With re: Invent early season, there are announcements on Serverless. EDA and well-architected services and capabilities. Building a well-architected, resilient, and reliable workload on AWS has always been challenging. The tools and capabilities are coming online to make it easy for teams. In the past, you needed to acquire knowledge to understand and deliver a resilient and reliable workload. The guidance is getting better to provide you with guard rails.
AWS Resiliency Day
Adrian Cockcroft has talked about continuous resilience for years. Adrian is always way ahead of the curve. When he started talking about continuous resilience, it was hard to do. It is still hard, but there are good tools available. We were at an AWS Resiliency Day in Belfast. There were discussions on chaos testing, resiliency hub, and correction of errors.
It was a great event. The speakers were fantastic, and the content was good. We covered well-architected frameworks and resilience modeling capabilities. In other words, the Resilience Hub tool looks promising. And the Chaos Engineering practices we’ve been advocating for, with AWS Fault Injection Simulator (FIS), are also good. We looked at theoretical stuff around disaster recovery and business continuity planning. And one thing I liked was the correction of errors, incident analysis, and post-incident responses. How do you incorporate these things into your working methods to ensure they don’t happen again? It was a good day, and you should go if you can.
Resiliency in the Drawing Office for the Titanic
AWS held their Resiliency Day at the Titanic Hotel, in the drawing room that the designers of the Titanic used. It is a big room with loads of windows, including an ample skylight, dating from over 100 years ago. It’s where architects sat and designed the ships built by Harland and Wolff. We were looking at Titanic artifacts and talking about Resilience. A lot of reminders of why this stuff’s important!

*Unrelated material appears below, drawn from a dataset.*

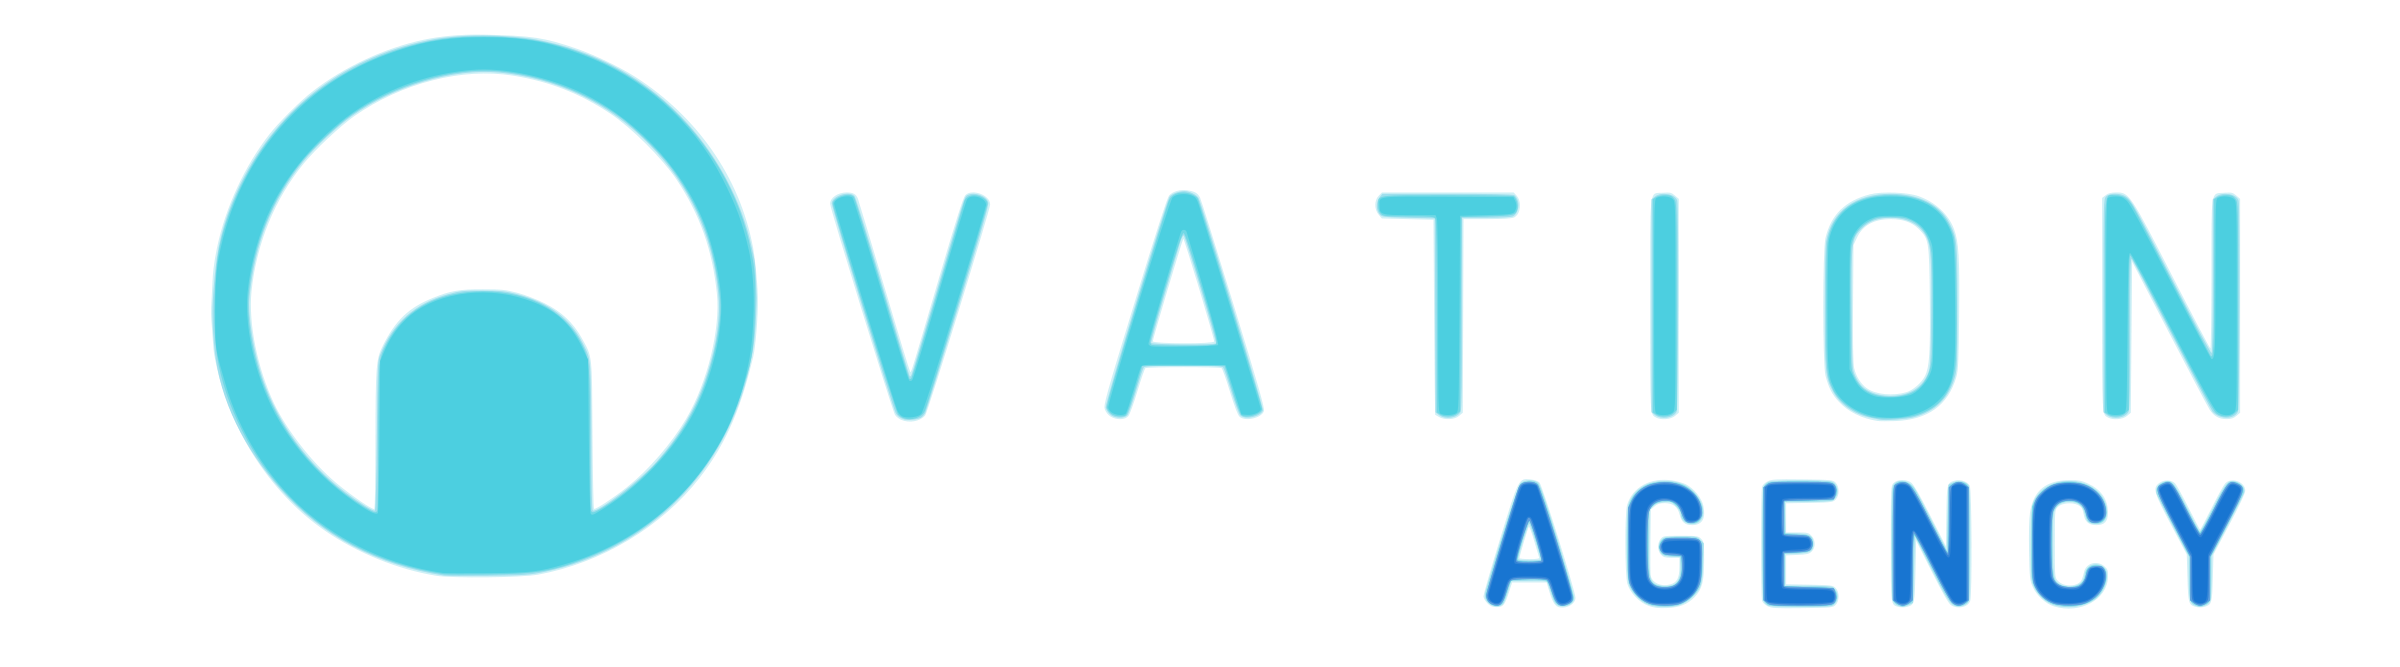 Ovation Agency Logo

Speakers later in the day referenced it. The story of Titanic was a gift that kept on giving. One of the things we discussed is that it is never just one thing. Delivering a reliable and resilient workload system takes more than one thing. One of our daughters is researching Titanic for her school project. She is learning that it wasn’t just the fact that Titanic hit an iceberg.

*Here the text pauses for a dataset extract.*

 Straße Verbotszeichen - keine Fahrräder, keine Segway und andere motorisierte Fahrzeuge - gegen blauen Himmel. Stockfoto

The ship was on fire when it left the harbor. The guy with the keys to the binocular cupboard didn’t make the trip, so that they couldn’t see the iceberg. They didn’t have enough lifeboats because of time pressure to set sail. Why were they going too fast? It’s because the coal was on fire. They were sailing at 22 knots instead of an average speed. And there were other time pressures from White Star Line to beat the transatlantic speed record. It’s not just one thing. There are lots of different things that culminate into disaster. The small things that seem innocuous or inconsequential in isolation build up and result in tragic disaster.
Take a proactive approach to resilience.
Planning Resiliency for a workload or app must be proactive. Did White Star Line try to simulate any of these things with Titanic or practice their reactions? How would they detect when issues happened? Technology helps with Resilience, but a lot is just technique, process, and practice. How do you plan for unforeseen circumstances? Adrian Cockcroft discusses his Netflix experience with chaos engineering, chaos testing, chaos monkeys, and chaos gorillas. And it’s an exciting way of thinking about stuff. What happens if we lose this part of the system? What would we expect to see? How would we recover? They didn’t run scenarios with the Titanic, and maybe they had too much confidence in the unsinkable ship.

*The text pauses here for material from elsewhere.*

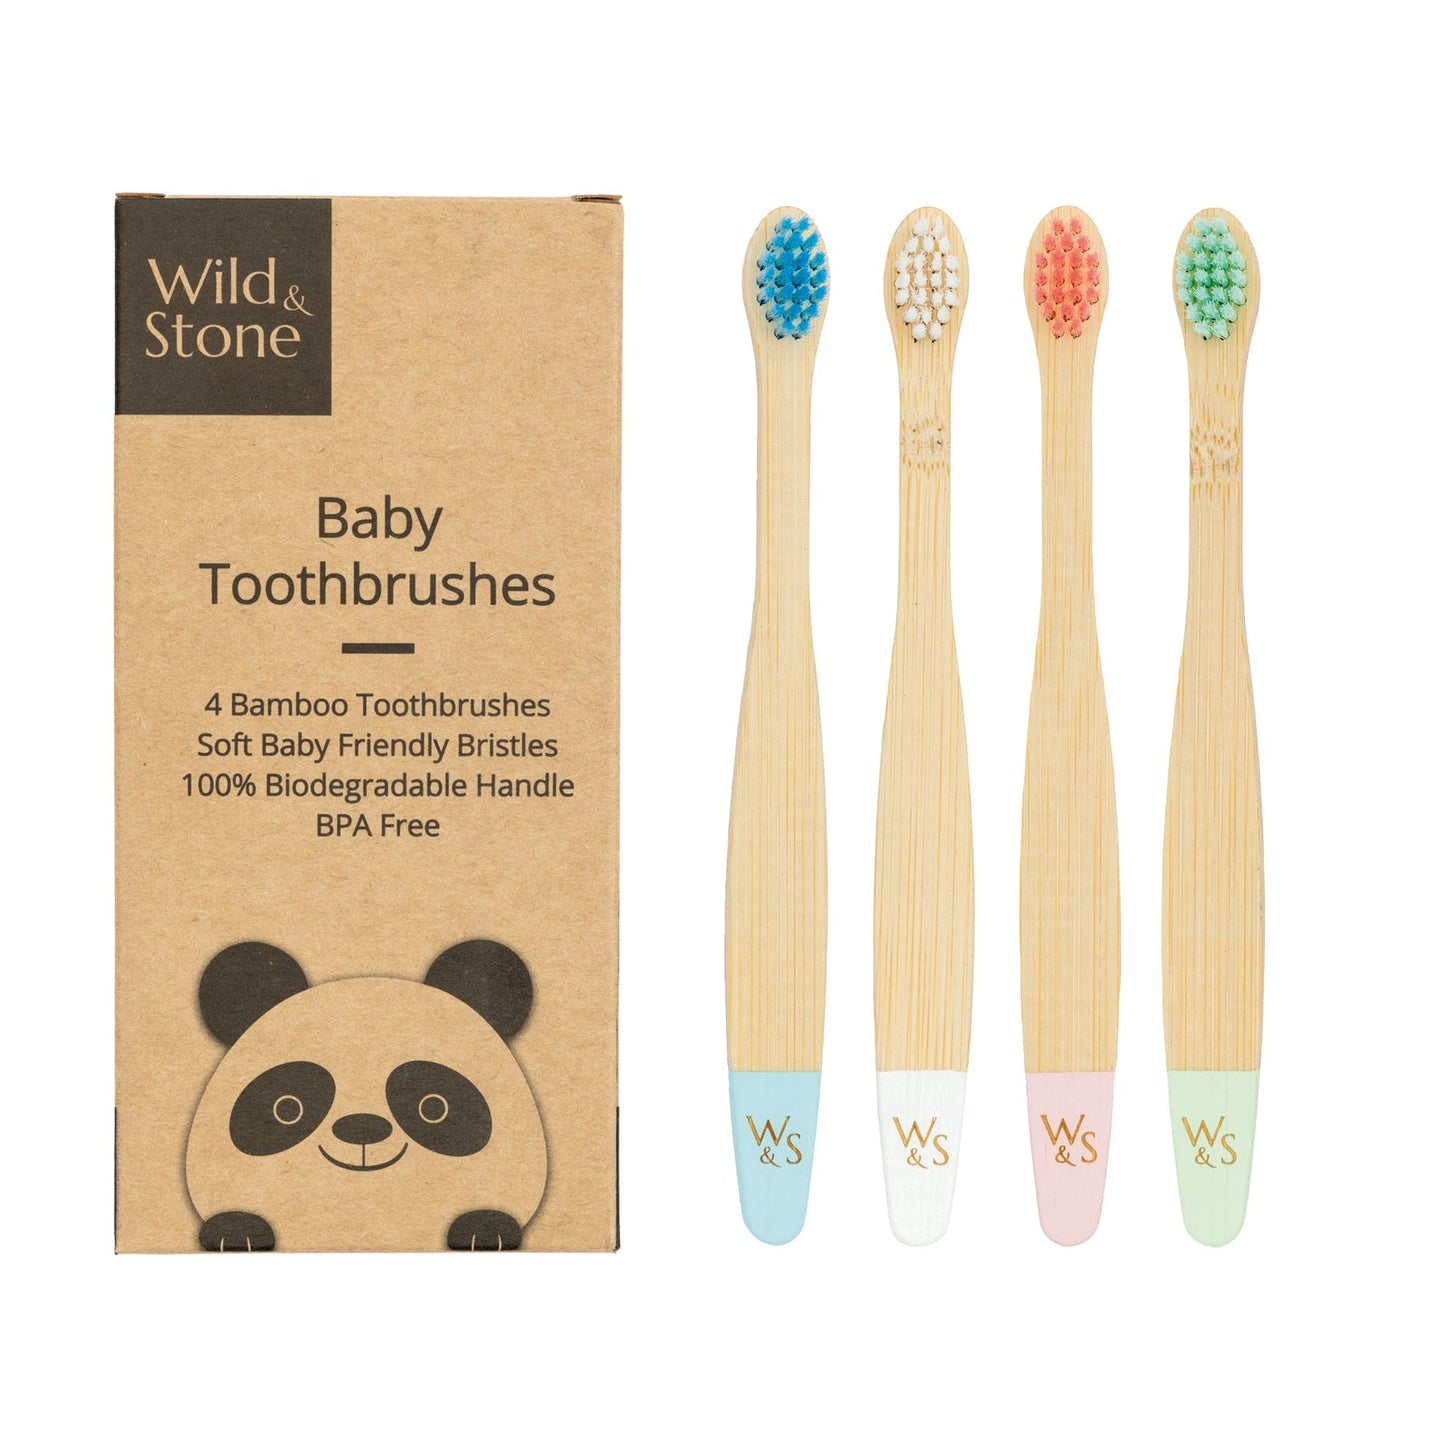 Periuță de dinți din bambus pentru bebeluși,4 buc - Wild&Stone

With software, we’re in an enviable position to run experiments and hypotheses for relatively little money. With ships, it would be hard to do that in the physical world. What happens if we hit an iceberg and the bunkers are on fire? You’re not going to simulate that at scale. We can do that in the cloud by running experiments, injecting these faults, and simulating what happens. We have engineering and well-architected practices for testing and gaining confidence in your system. What scenarios are you adding into example mapping sessions to cover what-ifs?
Correction of errors could have applied to Titanic.
It is the correction of errors. Titanic is no different from a modern project because there is a human element. There are immediate pressures on the company, competition with other companies, people being arrogant and vicious, not knowing what they don’t know, being in a hurry, or not having enough money. In other words, all the human elements come into play when doing something big.
When you do post-event analysis, it’s about something other than someone forgetting to do something. It’s about what part of the system prevents that from happening. Let’s not put a lock on the cupboard with the binoculars, because that will happen again. Correction of error is not about human error. It’s what system design allows that error to occur. Humans are humans, and stuff is going to happen. You must make it hard to do the wrong thing. The pressures are the same because White Star was a company with everyday stresses.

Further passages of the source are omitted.